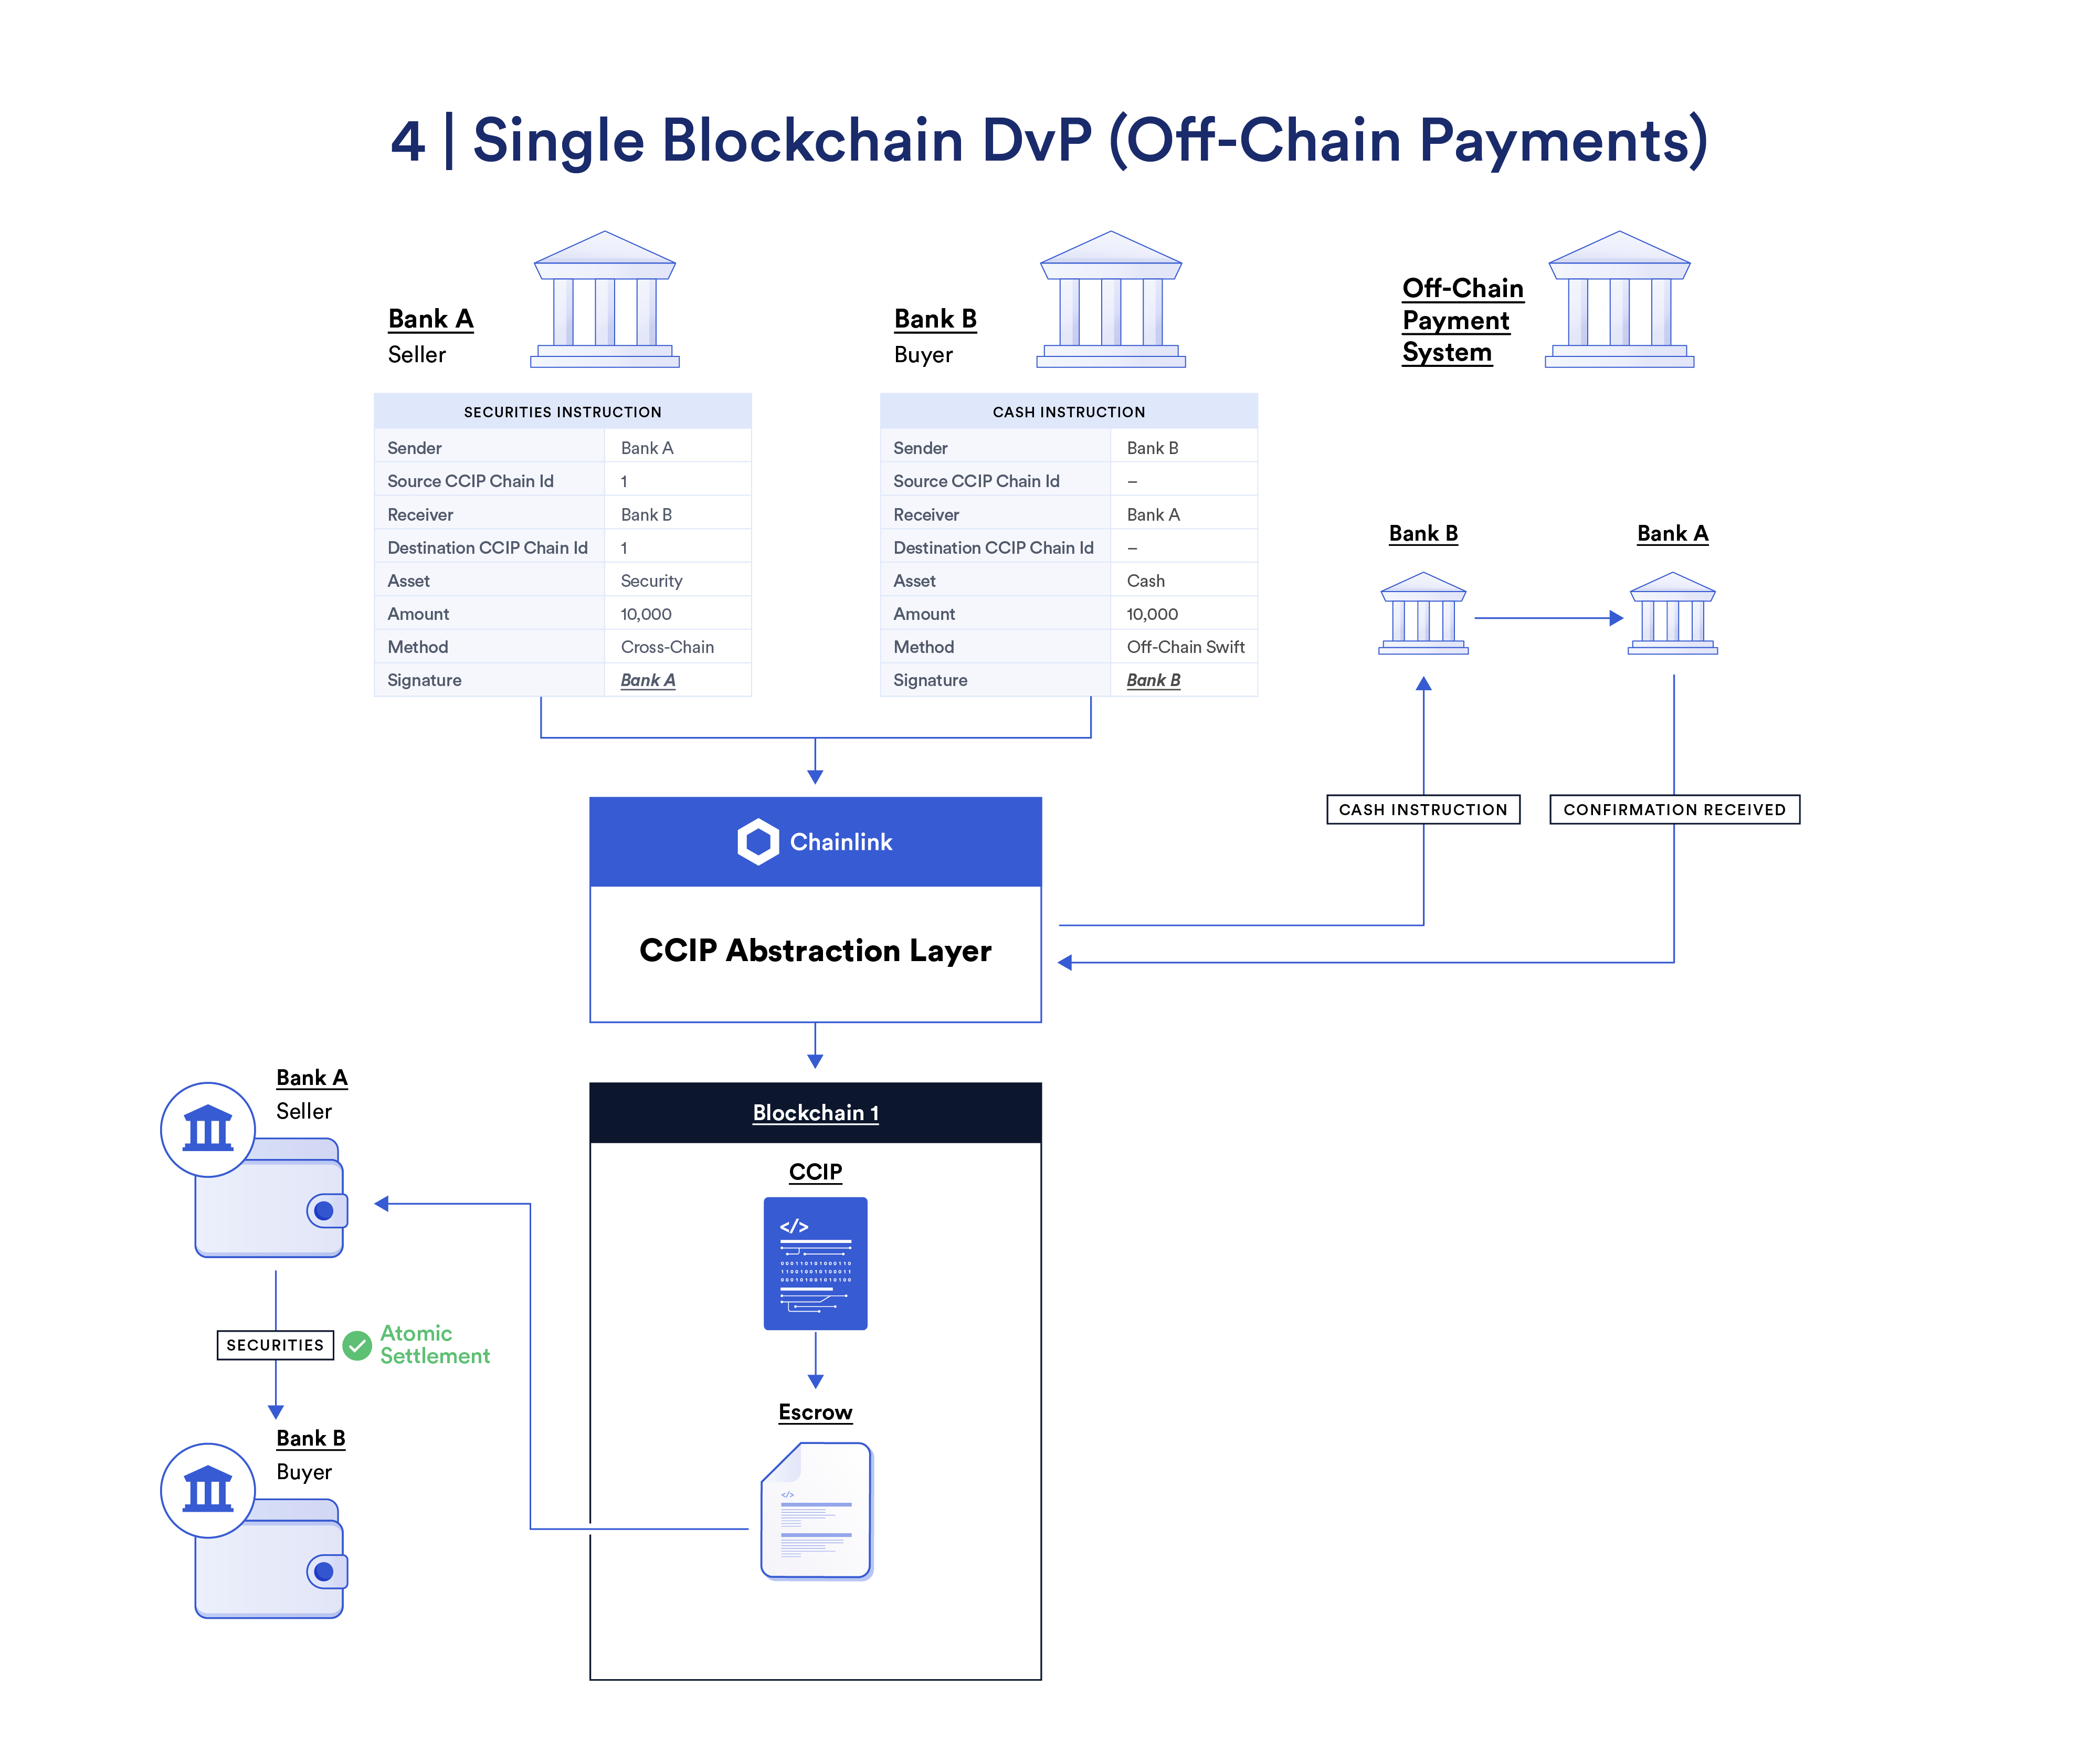 Single blockchain DvP with an off-chain payment.
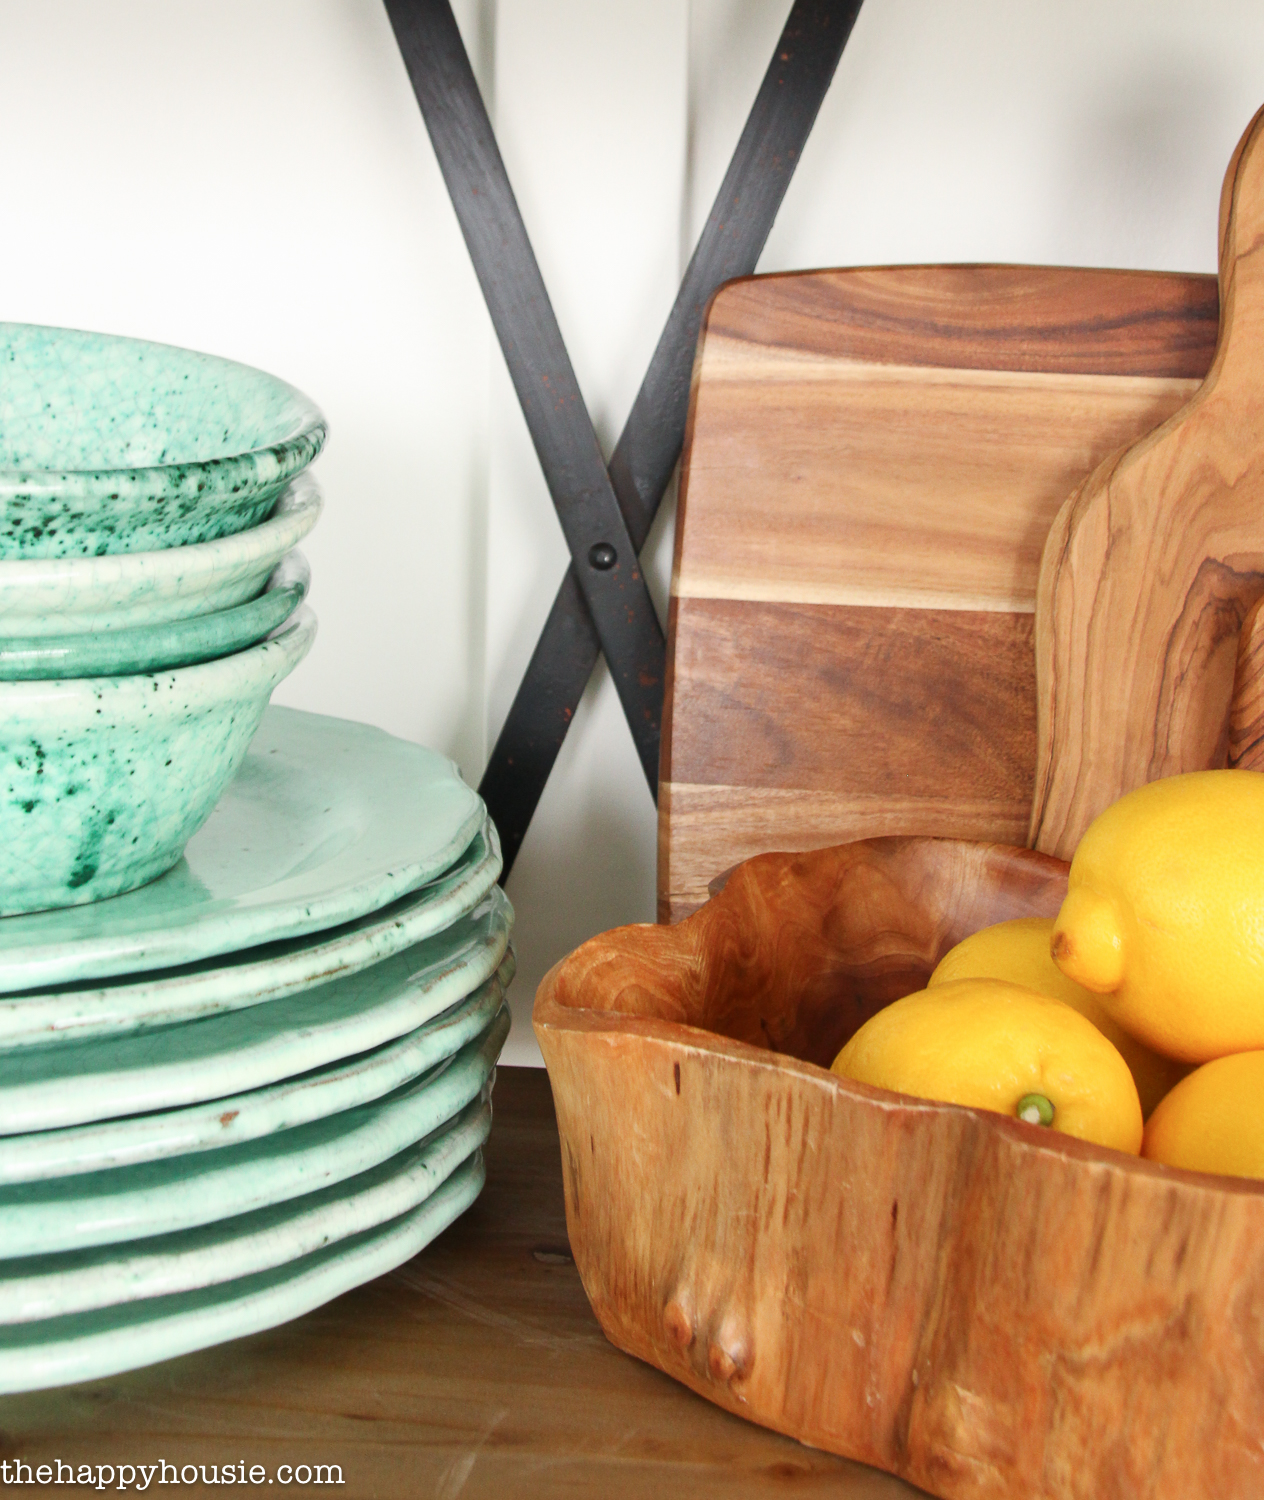 Soft green dishes are on the open shelving unit beside the lemons.
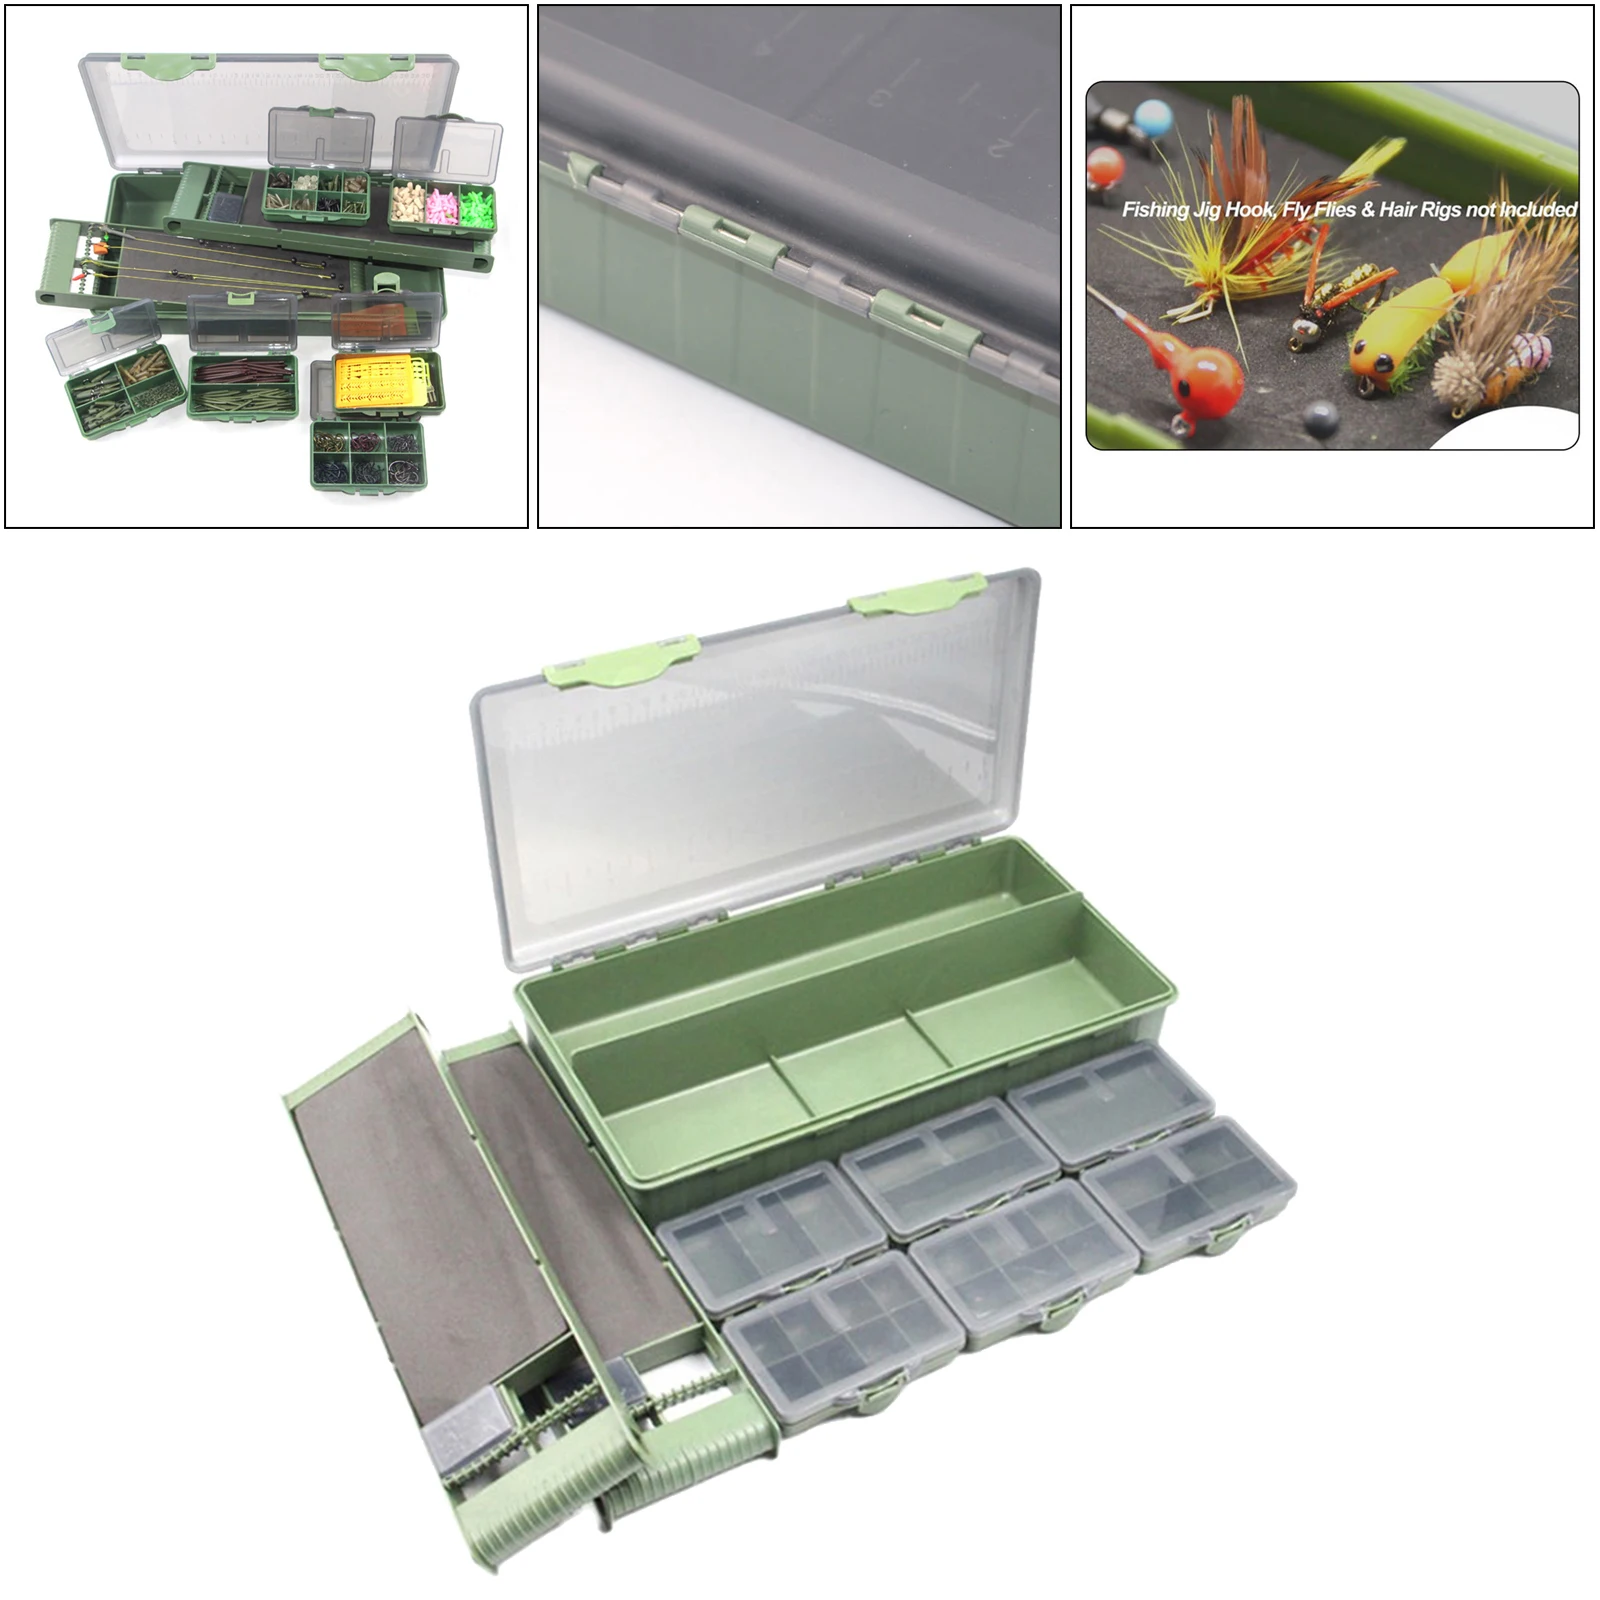 Plastic Carp Fishing Tackle Box Rig and Zig Storage Box Organizer Container Compartments Box Bait Fishing Tools

- Your instructions: Reproduce exactly the lines from the one with "Soft green dishes" to the bottom of the listing, both ends included, and nothing else. Skip the pictures.

- Answer to this problem:
 Soft green dishes are on the open shelving unit beside the lemons.
 Plastic Carp Fishing Tackle Box Rig and Zig Storage Box Organizer Container Compartments Box Bait Fishing Tools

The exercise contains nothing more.